What you are asked to do => Write out an exact copy of the line with "Camera specs on" and of each line after it, through the end of the records below.

Data listing =>
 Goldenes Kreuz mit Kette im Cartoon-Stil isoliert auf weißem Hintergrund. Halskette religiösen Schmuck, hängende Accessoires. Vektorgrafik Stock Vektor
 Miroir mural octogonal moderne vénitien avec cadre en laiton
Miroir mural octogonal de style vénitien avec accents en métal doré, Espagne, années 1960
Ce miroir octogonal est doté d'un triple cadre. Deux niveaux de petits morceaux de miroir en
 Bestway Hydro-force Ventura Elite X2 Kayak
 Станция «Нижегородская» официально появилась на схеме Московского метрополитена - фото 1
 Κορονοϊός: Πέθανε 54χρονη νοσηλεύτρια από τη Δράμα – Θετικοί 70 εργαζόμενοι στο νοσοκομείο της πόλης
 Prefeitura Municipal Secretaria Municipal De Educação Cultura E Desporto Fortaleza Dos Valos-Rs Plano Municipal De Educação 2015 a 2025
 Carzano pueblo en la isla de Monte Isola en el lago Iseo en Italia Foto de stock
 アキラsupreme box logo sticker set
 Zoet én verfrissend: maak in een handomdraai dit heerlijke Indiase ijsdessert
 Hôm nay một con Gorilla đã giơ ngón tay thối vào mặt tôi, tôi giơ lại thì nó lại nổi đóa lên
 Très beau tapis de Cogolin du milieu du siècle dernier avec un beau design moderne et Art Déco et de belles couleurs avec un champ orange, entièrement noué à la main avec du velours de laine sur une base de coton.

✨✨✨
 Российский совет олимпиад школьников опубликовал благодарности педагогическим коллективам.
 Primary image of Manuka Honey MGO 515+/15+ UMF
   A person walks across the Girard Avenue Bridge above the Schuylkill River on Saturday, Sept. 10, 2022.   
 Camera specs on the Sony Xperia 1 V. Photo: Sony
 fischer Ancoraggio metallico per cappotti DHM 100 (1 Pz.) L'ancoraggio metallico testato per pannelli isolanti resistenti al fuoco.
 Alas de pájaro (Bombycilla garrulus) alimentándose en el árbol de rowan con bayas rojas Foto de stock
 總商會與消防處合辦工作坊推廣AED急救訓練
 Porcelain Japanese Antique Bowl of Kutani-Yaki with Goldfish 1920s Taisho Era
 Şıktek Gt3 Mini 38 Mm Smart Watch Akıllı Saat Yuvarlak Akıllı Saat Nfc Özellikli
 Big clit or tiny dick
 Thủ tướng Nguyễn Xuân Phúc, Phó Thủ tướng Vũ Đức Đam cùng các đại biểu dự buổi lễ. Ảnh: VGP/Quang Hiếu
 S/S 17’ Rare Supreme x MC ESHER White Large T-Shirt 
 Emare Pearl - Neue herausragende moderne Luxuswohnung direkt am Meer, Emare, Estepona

Your response =>
 Camera specs on the Sony Xperia 1 V. Photo: Sony
 fischer Ancoraggio metallico per cappotti DHM 100 (1 Pz.) L'ancoraggio metallico testato per pannelli isolanti resistenti al fuoco.
 Alas de pájaro (Bombycilla garrulus) alimentándose en el árbol de rowan con bayas rojas Foto de stock
 總商會與消防處合辦工作坊推廣AED急救訓練
 Porcelain Japanese Antique Bowl of Kutani-Yaki with Goldfish 1920s Taisho Era
 Şıktek Gt3 Mini 38 Mm Smart Watch Akıllı Saat Yuvarlak Akıllı Saat Nfc Özellikli
 Big clit or tiny dick
 Thủ tướng Nguyễn Xuân Phúc, Phó Thủ tướng Vũ Đức Đam cùng các đại biểu dự buổi lễ. Ảnh: VGP/Quang Hiếu
 S/S 17’ Rare Supreme x MC ESHER White Large T-Shirt 
 Emare Pearl - Neue herausragende moderne Luxuswohnung direkt am Meer, Emare, Estepona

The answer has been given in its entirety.